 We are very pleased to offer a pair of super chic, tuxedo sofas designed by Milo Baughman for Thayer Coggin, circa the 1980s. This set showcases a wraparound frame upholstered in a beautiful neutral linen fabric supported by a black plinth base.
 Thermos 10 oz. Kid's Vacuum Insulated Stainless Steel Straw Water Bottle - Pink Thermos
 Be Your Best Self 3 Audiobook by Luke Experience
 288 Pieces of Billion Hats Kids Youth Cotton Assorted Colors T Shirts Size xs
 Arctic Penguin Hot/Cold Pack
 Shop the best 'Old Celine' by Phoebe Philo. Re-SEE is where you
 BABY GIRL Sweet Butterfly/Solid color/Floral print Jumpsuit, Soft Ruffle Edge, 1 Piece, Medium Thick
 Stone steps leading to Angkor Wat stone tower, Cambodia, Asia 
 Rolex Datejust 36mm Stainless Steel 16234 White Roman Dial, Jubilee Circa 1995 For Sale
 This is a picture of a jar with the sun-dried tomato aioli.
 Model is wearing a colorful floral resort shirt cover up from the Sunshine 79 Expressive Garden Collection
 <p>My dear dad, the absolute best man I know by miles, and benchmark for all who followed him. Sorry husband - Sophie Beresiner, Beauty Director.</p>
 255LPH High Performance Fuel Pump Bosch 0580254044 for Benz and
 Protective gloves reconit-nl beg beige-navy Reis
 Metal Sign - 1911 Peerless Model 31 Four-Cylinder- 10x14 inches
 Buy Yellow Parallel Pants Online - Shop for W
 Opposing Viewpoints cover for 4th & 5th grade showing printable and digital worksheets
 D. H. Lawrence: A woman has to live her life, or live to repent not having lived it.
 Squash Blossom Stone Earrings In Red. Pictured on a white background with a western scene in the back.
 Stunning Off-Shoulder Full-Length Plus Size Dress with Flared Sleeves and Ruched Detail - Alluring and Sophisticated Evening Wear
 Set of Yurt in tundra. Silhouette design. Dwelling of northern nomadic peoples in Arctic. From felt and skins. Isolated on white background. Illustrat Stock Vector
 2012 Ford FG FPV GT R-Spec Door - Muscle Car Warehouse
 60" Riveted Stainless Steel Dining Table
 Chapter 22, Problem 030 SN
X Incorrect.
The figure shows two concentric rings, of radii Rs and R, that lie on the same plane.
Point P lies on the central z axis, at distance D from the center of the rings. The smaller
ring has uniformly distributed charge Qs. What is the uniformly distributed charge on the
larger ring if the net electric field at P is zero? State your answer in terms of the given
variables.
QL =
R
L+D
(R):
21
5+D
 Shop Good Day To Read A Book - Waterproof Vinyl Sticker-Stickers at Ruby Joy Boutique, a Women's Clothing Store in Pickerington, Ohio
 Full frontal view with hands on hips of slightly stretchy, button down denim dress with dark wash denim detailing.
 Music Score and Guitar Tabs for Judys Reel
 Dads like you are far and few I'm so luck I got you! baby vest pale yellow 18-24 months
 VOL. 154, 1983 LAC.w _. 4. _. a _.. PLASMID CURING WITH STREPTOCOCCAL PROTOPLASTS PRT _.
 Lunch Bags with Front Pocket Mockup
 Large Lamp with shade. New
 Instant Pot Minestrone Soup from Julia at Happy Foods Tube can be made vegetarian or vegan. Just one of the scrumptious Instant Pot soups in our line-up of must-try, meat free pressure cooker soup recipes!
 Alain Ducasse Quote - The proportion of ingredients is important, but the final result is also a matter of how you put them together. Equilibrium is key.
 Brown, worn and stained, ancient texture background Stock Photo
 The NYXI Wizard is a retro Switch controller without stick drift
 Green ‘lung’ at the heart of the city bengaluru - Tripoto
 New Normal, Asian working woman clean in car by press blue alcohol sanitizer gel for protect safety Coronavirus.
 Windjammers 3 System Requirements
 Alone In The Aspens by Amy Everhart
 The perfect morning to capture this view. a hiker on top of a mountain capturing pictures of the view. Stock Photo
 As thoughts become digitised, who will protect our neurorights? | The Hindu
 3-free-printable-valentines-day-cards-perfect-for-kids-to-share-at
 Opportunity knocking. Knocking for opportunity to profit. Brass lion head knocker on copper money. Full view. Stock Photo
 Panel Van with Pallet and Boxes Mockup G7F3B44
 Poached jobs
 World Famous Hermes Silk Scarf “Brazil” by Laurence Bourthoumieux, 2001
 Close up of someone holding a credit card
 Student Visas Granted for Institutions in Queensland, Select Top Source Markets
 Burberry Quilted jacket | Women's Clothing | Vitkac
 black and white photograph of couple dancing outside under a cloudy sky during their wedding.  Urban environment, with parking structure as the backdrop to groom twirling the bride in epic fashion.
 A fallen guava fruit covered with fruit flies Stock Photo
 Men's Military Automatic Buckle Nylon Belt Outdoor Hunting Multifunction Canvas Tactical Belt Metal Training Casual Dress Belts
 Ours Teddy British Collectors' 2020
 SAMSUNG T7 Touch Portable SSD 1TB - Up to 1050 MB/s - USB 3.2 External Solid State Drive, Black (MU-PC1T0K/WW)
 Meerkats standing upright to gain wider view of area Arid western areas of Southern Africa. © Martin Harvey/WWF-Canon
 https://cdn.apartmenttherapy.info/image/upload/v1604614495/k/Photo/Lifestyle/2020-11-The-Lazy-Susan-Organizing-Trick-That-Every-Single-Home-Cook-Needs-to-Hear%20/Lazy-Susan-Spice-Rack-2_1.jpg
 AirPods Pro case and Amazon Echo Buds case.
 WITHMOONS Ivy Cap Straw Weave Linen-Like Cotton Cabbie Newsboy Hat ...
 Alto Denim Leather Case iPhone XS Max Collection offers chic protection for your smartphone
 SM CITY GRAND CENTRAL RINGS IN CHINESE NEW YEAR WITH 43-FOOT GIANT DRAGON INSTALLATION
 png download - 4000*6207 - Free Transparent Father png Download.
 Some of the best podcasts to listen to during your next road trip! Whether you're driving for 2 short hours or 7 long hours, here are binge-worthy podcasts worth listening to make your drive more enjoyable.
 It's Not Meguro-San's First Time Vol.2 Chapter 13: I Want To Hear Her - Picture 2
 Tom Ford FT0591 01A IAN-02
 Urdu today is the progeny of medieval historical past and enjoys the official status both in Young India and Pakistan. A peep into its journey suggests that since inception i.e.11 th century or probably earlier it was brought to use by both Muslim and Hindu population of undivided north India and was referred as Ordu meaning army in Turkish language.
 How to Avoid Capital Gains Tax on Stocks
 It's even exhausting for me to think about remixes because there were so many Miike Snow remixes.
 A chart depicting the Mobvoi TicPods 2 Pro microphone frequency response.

* [Required action] For each line in the listing, return it exactly as shown.

* [Solution for this task]
 We are very pleased to offer a pair of super chic, tuxedo sofas designed by Milo Baughman for Thayer Coggin, circa the 1980s. This set showcases a wraparound frame upholstered in a beautiful neutral linen fabric supported by a black plinth base.
 Thermos 10 oz. Kid's Vacuum Insulated Stainless Steel Straw Water Bottle - Pink Thermos
 Be Your Best Self 3 Audiobook by Luke Experience
 288 Pieces of Billion Hats Kids Youth Cotton Assorted Colors T Shirts Size xs
 Arctic Penguin Hot/Cold Pack
 Shop the best 'Old Celine' by Phoebe Philo. Re-SEE is where you
 BABY GIRL Sweet Butterfly/Solid color/Floral print Jumpsuit, Soft Ruffle Edge, 1 Piece, Medium Thick
 Stone steps leading to Angkor Wat stone tower, Cambodia, Asia 
 Rolex Datejust 36mm Stainless Steel 16234 White Roman Dial, Jubilee Circa 1995 For Sale
 This is a picture of a jar with the sun-dried tomato aioli.
 Model is wearing a colorful floral resort shirt cover up from the Sunshine 79 Expressive Garden Collection
 <p>My dear dad, the absolute best man I know by miles, and benchmark for all who followed him. Sorry husband - Sophie Beresiner, Beauty Director.</p>
 255LPH High Performance Fuel Pump Bosch 0580254044 for Benz and
 Protective gloves reconit-nl beg beige-navy Reis
 Metal Sign - 1911 Peerless Model 31 Four-Cylinder- 10x14 inches
 Buy Yellow Parallel Pants Online - Shop for W
 Opposing Viewpoints cover for 4th & 5th grade showing printable and digital worksheets
 D. H. Lawrence: A woman has to live her life, or live to repent not having lived it.
 Squash Blossom Stone Earrings In Red. Pictured on a white background with a western scene in the back.
 Stunning Off-Shoulder Full-Length Plus Size Dress with Flared Sleeves and Ruched Detail - Alluring and Sophisticated Evening Wear
 Set of Yurt in tundra. Silhouette design. Dwelling of northern nomadic peoples in Arctic. From felt and skins. Isolated on white background. Illustrat Stock Vector
 2012 Ford FG FPV GT R-Spec Door - Muscle Car Warehouse
 60" Riveted Stainless Steel Dining Table
 Chapter 22, Problem 030 SN
X Incorrect.
The figure shows two concentric rings, of radii Rs and R, that lie on the same plane.
Point P lies on the central z axis, at distance D from the center of the rings. The smaller
ring has uniformly distributed charge Qs. What is the uniformly distributed charge on the
larger ring if the net electric field at P is zero? State your answer in terms of the given
variables.
QL =
R
L+D
(R):
21
5+D
 Shop Good Day To Read A Book - Waterproof Vinyl Sticker-Stickers at Ruby Joy Boutique, a Women's Clothing Store in Pickerington, Ohio
 Full frontal view with hands on hips of slightly stretchy, button down denim dress with dark wash denim detailing.
 Music Score and Guitar Tabs for Judys Reel
 Dads like you are far and few I'm so luck I got you! baby vest pale yellow 18-24 months
 VOL. 154, 1983 LAC.w _. 4. _. a _.. PLASMID CURING WITH STREPTOCOCCAL PROTOPLASTS PRT _.
 Lunch Bags with Front Pocket Mockup
 Large Lamp with shade. New
 Instant Pot Minestrone Soup from Julia at Happy Foods Tube can be made vegetarian or vegan. Just one of the scrumptious Instant Pot soups in our line-up of must-try, meat free pressure cooker soup recipes!
 Alain Ducasse Quote - The proportion of ingredients is important, but the final result is also a matter of how you put them together. Equilibrium is key.
 Brown, worn and stained, ancient texture background Stock Photo
 The NYXI Wizard is a retro Switch controller without stick drift
 Green ‘lung’ at the heart of the city bengaluru - Tripoto
 New Normal, Asian working woman clean in car by press blue alcohol sanitizer gel for protect safety Coronavirus.
 Windjammers 3 System Requirements
 Alone In The Aspens by Amy Everhart
 The perfect morning to capture this view. a hiker on top of a mountain capturing pictures of the view. Stock Photo
 As thoughts become digitised, who will protect our neurorights? | The Hindu
 3-free-printable-valentines-day-cards-perfect-for-kids-to-share-at
 Opportunity knocking. Knocking for opportunity to profit. Brass lion head knocker on copper money. Full view. Stock Photo
 Panel Van with Pallet and Boxes Mockup G7F3B44
 Poached jobs
 World Famous Hermes Silk Scarf “Brazil” by Laurence Bourthoumieux, 2001
 Close up of someone holding a credit card
 Student Visas Granted for Institutions in Queensland, Select Top Source Markets
 Burberry Quilted jacket | Women's Clothing | Vitkac
 black and white photograph of couple dancing outside under a cloudy sky during their wedding.  Urban environment, with parking structure as the backdrop to groom twirling the bride in epic fashion.
 A fallen guava fruit covered with fruit flies Stock Photo
 Men's Military Automatic Buckle Nylon Belt Outdoor Hunting Multifunction Canvas Tactical Belt Metal Training Casual Dress Belts
 Ours Teddy British Collectors' 2020
 SAMSUNG T7 Touch Portable SSD 1TB - Up to 1050 MB/s - USB 3.2 External Solid State Drive, Black (MU-PC1T0K/WW)
 Meerkats standing upright to gain wider view of area Arid western areas of Southern Africa. © Martin Harvey/WWF-Canon
 https://cdn.apartmenttherapy.info/image/upload/v1604614495/k/Photo/Lifestyle/2020-11-The-Lazy-Susan-Organizing-Trick-That-Every-Single-Home-Cook-Needs-to-Hear%20/Lazy-Susan-Spice-Rack-2_1.jpg
 AirPods Pro case and Amazon Echo Buds case.
 WITHMOONS Ivy Cap Straw Weave Linen-Like Cotton Cabbie Newsboy Hat ...
 Alto Denim Leather Case iPhone XS Max Collection offers chic protection for your smartphone
 SM CITY GRAND CENTRAL RINGS IN CHINESE NEW YEAR WITH 43-FOOT GIANT DRAGON INSTALLATION
 png download - 4000*6207 - Free Transparent Father png Download.
 Some of the best podcasts to listen to during your next road trip! Whether you're driving for 2 short hours or 7 long hours, here are binge-worthy podcasts worth listening to make your drive more enjoyable.
 It's Not Meguro-San's First Time Vol.2 Chapter 13: I Want To Hear Her - Picture 2
 Tom Ford FT0591 01A IAN-02
 Urdu today is the progeny of medieval historical past and enjoys the official status both in Young India and Pakistan. A peep into its journey suggests that since inception i.e.11 th century or probably earlier it was brought to use by both Muslim and Hindu population of undivided north India and was referred as Ordu meaning army in Turkish language.
 How to Avoid Capital Gains Tax on Stocks
 It's even exhausting for me to think about remixes because there were so many Miike Snow remixes.
 A chart depicting the Mobvoi TicPods 2 Pro microphone frequency response.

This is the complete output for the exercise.